- Born: 14 March 1966 (age 60) Guernsey, Channel Islands
- Occupations: Columnist, activist, businesswoman
- Years active: 1984–present
- Spouse: Noel Gallagher ​ ​(m. 1997; div. 2001)​
- Partner: Peter Sidell (2008–2010)
- Children: Anaïs Gallagher

= Meg Mathews =

English columnist (born 1966)

Meg Mathews (born 14 March 1966) is an English columnist, activist and businesswoman. She became known through her former marriage to the musician Noel Gallagher and as the mother of the model and photographer Anaïs Gallagher.

== Early life ==
Meg Mathews was born in Guernsey, Channel Islands, on 14 March 1966, as the only child to Stanley Mathews, a builder, and his wife, Christine, a secretary. The family emigrated to South Africa when she was nine years old, where she was raised on a winery just outside Stellenbosch in Western Cape.

Mathews attended Sibford School, a Quaker boarding school, from the age of 12, where her friends included Guy Ritchie.

== Career ==
Mathews started her career as a cashier in a branch of the high-end clothes shop Joseph. She was promoted to manager within six months. She had her own fashion PR company by the age of 21. She rose to fame in the Britpop scene while working in music management. She has also worked as an interior designer.

Mathews appeared on the thirteenth episode in the final series of the ITV cookery reality show Hell's Kitchen in 2009.

Mathews appeared on the Channel 4 entertainment programme Time Crashers in 2015. The programme, presented by Tony Robinson and Cassie Newland, sees Mathews, with nine other celebrities, transported to different historical settings where they experience the life of the 'lower' classes and are set tasks relating to that era.

Mathews launched MegsMenopause, a platform dedicated to breaking the stigma around the menopause, in 2018.

Mathews wrote her first book, The New Hot: Taking on the Menopause with Attitude and Style (ISBN 9780593129364), which was published by Ebury Publishing in October 2020.

== Personal life ==
Mathews married the musician Noel Gallagher in a secret ceremony at the Little Church of the West, the oldest wedding chapel on the Las Vegas Strip, on 5 June 1997. Her brother-in-law was the singer and songwriter Liam Gallagher. The pair met in 1994 through her roommate, the MTV presenter Rebecca de Ruvo, whom Gallagher was dating at the time and whom he left for Mathews. They lived at Supernova Heights on Steele's Road in Belsize Park. Their only child, a daughter, Anaïs Gallagher, a model and photographer, was born at Portland Hospital in Westminster, Greater London, on 27 January 2000. She named their daughter after her favourite writer, Anaïs Nin. The couple separated in September 2000 and divorced on 19 January 2001, after three-and-a-half years of marriage, on the grounds of Gallagher's adultery with the Scottish publicist Sara MacDonald, whom Gallagher met at the Ibiza nightclub Space in June 2000. After their divorce was finalised, Gallagher said that he had never actually been unfaithful and had only said he had cheated on Mathews to speed up the divorce process.

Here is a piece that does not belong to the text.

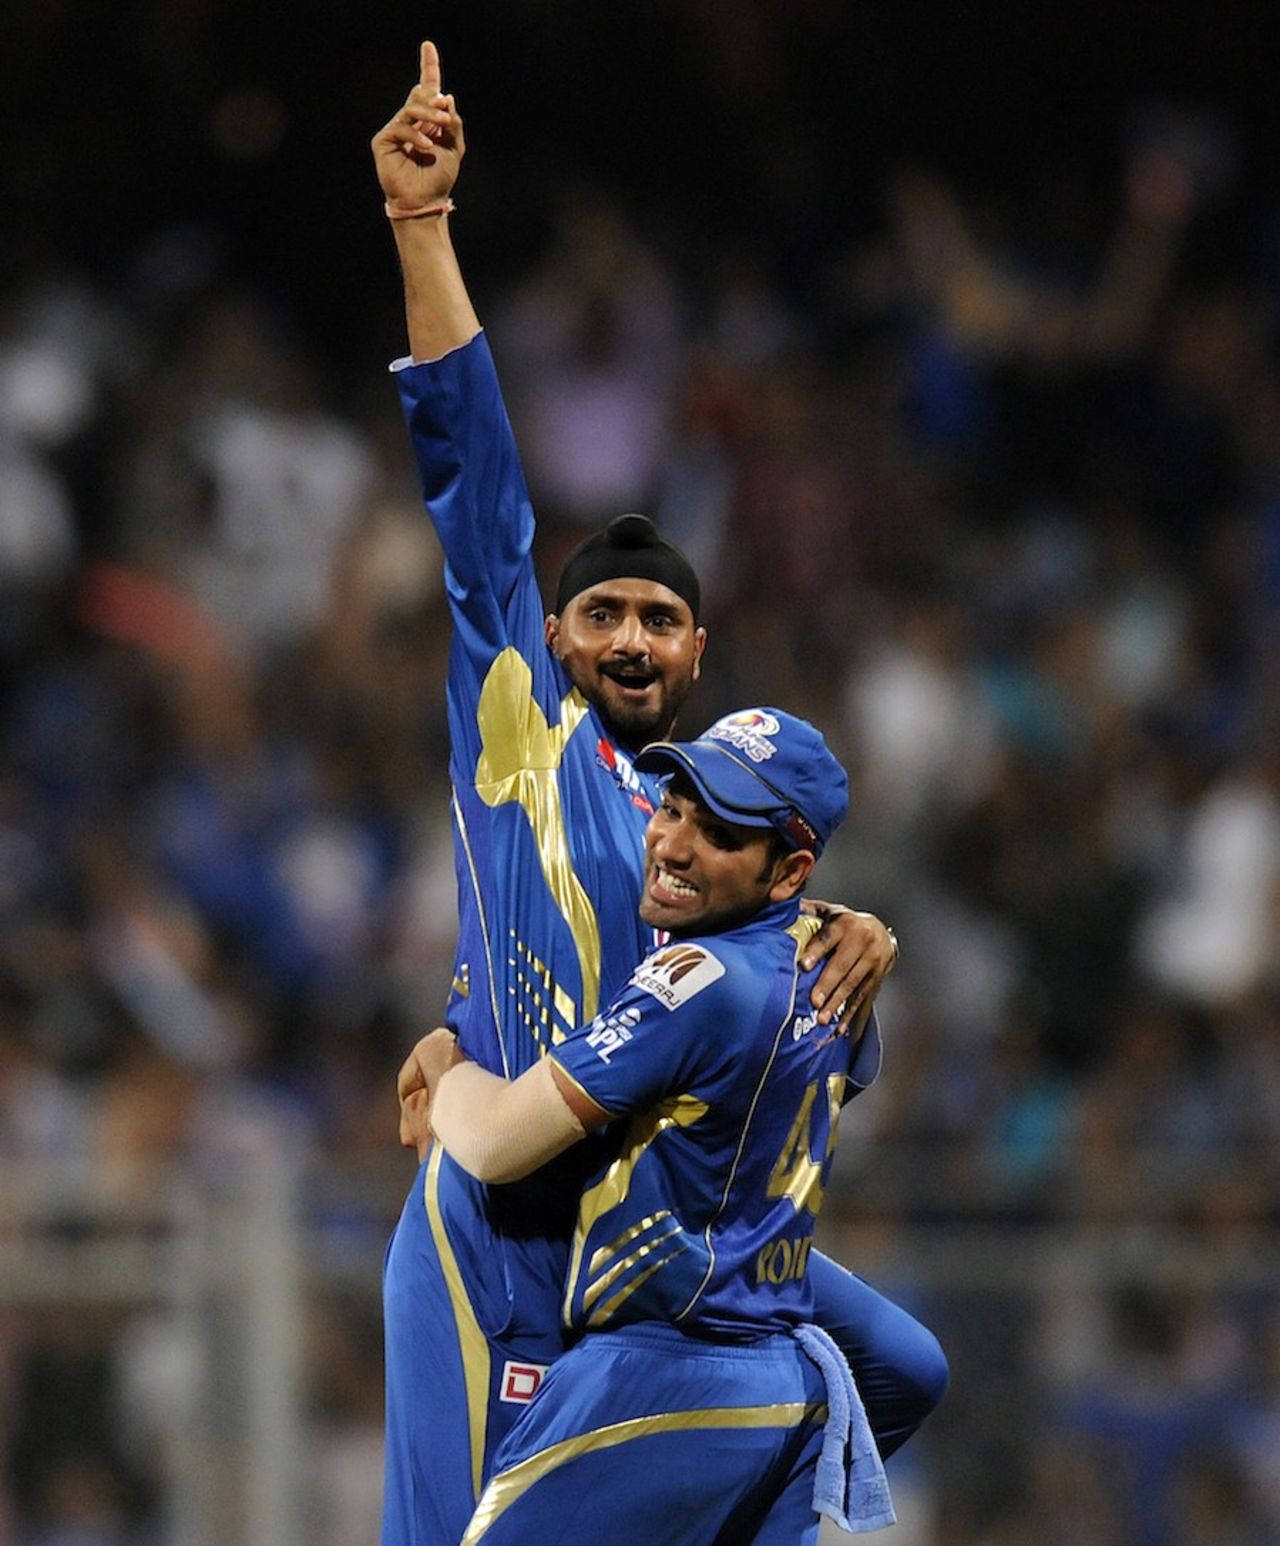 Harbhajan Singh and Rohit Sharma celebrate a wicket, Mumbai Indians v Kolkata Knight Riders, IPL, Mumbai, May 7, 2013
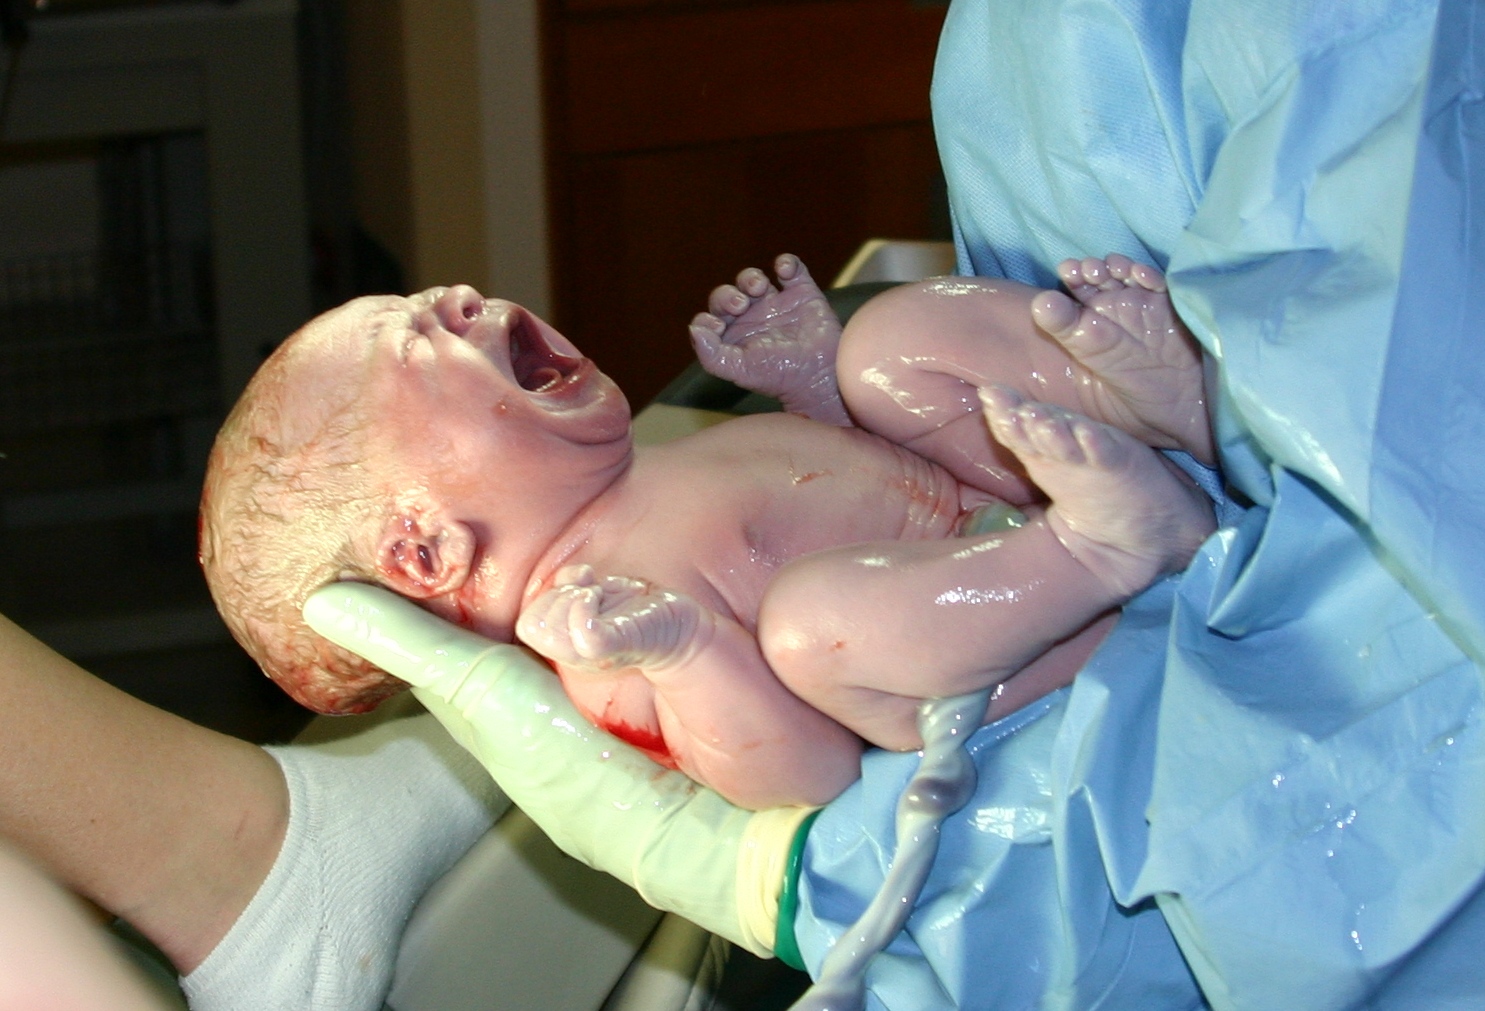 Violenza ostetrica, indagine shock : 1 mamma su 5 maltrattata durante il parto

Mathews was a member of the Primrose Hill set. Her daughter is considered to be a member of the next generation Primrose Hill set.

Mathews announced her engagement to Peter Sidell, who is the owner of a Knightsbridge menswear shop The Library and an arts professor at the Royal College of Art, in May 2009, after a six-month relationship. He proposed on top of the Empire State Building in Manhattan, New York City. She was planning their wedding for 2010. The couple separated in November 2010.

Mathews lives in Newquay, Cornwall.

On 7 July 2023, Mathews was arrested on charges of drink-driving after she crashed her yellow Jeep Wrangler into a parked car following a book signing in Nansledan. She was breathalyzed at the scene of the crash, which caused minor damage, and found to be over the legal limit. She appeared before Cornwall Magistrates' Court in Bodmin, where she pleaded guilty to a charge of driving a motor vehicle with an alcohol level above the limit. She was banned from driving for 20 months, fined £440, and ordered to pay a £176 surcharge and £85 prosecution costs.

== Filmography ==

| Year | Title | Notes |
|---|---|---|
| 1996 | Oasis: Mad for It! | 2 episodes |
| 1998 | Omnibus | Episode: "Alan McGee: The Man Who Discovered Oasis" |
| 2002 | The Art Show | Episode: "Revolt in Fashion" |
| 2007 | Deadline | Episode: "Episode #1.2" |
| 2007 | The Wright Stuff | Episode: "14/05/2007" |
| 2009 | Hell's Kitchen | Episode: "Episode #4.13" |
| 2015 | Time Crashers | 6 episodes |
| 2018 | Jeremy Vine | Episode: "Episode #1.43" |

== Bibliography ==
- Mathews, Meg (2020). The New Hot: Taking on the Menopause with Attitude and Style. Ebury Publishing. ISBN 9780593129364.